Yet Descartes speaks of facticity only as a horizon of our knowledge, not of its content, for the content comprises the things themselves. Nevertheless, Descartes distinguishes things according to degrees of reality: for instance, we may also call properties "things," but these "things" are less real than the things possessing such properties. While we require a single term to denote a property, just as we do to name a thing, we nonetheless understand that a property is not yet a thing. This ability of things to indicate their own reality is what Descartes termed "objective reality," not in the sense of things existing "objectively" in our everyday understanding, separate from us, but in the philosophical sense of things existing as objects of our mind. Objective reality stands in contrast to formal reality, that is, the relation of things outside of thought—for example, a thing's ability to exist independently of its properties. For instance, the formal reality may be that I am bald, and there are no hairs on my head, but the objective reality is that I had hair, even if it has fallen out. Descartes refers to the initial meaning of "objective"—literally, "standing in the way," serving as an obstacle to vision, and thus accepted as it ought to be, not as an object of actual knowledge but as a subject of acknowledgment, as a problem, rather than as the current state of a thing.
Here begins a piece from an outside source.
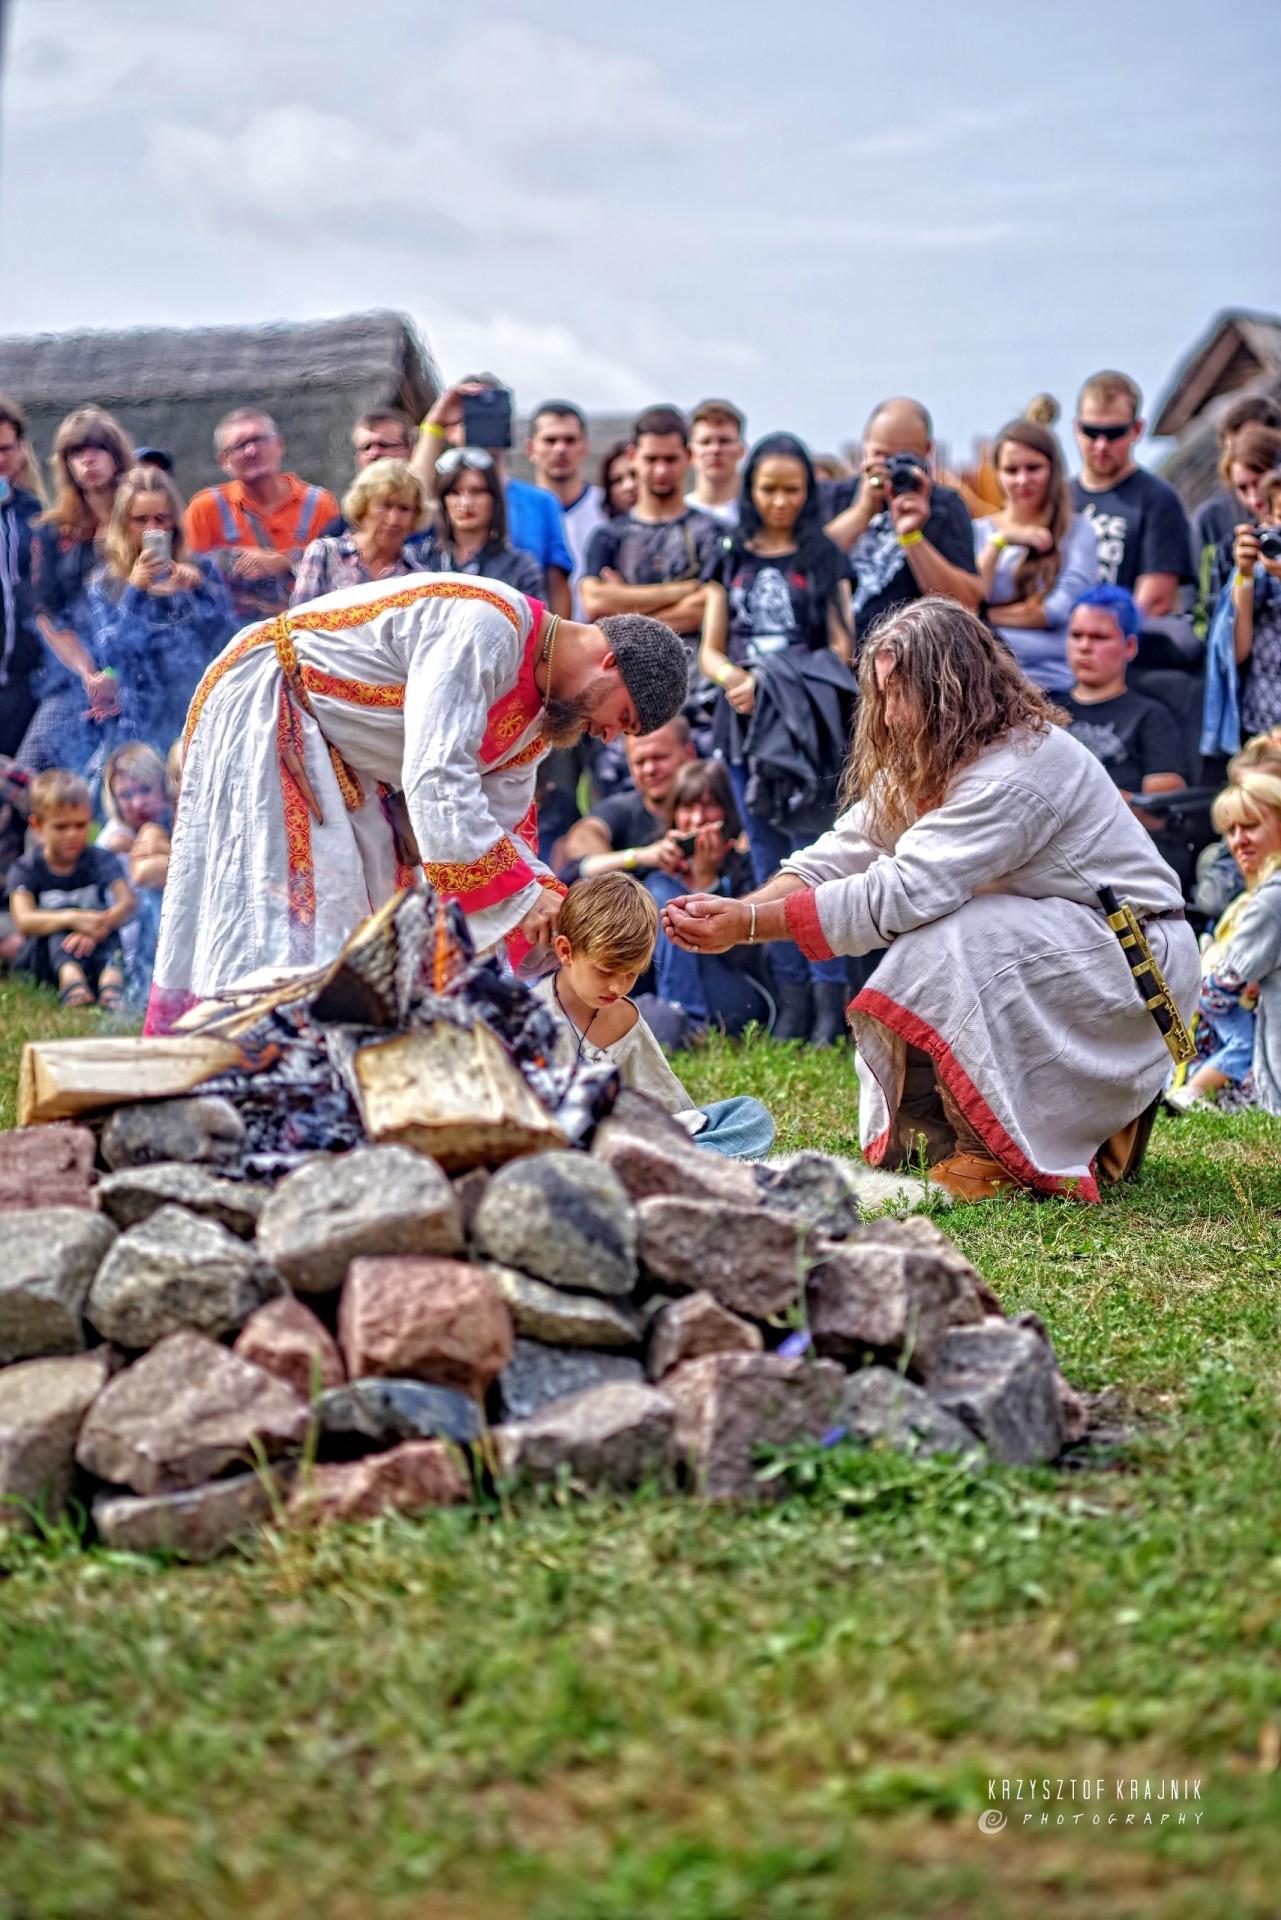 Festiwal Mitologii Słowiańskiej za nami. Jak było? [FOTOREPORTAŻ] 8

My being bald is my current state, but the notion that any person is hairy is an objectivity, a problem from which I can reason, including about baldness.

From the concept of objectivity, Descartes begins to reason about causality. If we recognize any thing, at least one, as self-evident, we must acknowledge that the thing has a cause that substantiates it, given that it is not reinforced by special proofs, but is, as it were, axiomatic for our minds. This means that either the thing is its own cause or there is some other thing that serves as its cause. Moreover, the cause must be no less real or universal than the thing that is the effect. It is noteworthy that, in contrast to medieval philosophy, where the cause was positioned above the effect, representing a universal event determining the particular history of a thing, in Descartes' philosophy, cause and effect exist on the same level.

We can ascertain that one thing is the cause of another simply based on the correspondence between the content of objective reality and formal reality. For instance, we may doubt the existence of birds. However, we cannot doubt that birds formally possess feathers, regardless of whether they exist or not. Since birds with feathers have greater objective reality than birds without feathers (we are not currently considering penguins and continue with our hypothetical example), the content of objective reality, our capacity to know birds with feathers, corresponds to formal reality; in other words, a bird with feathers is more real than feathers without a bird.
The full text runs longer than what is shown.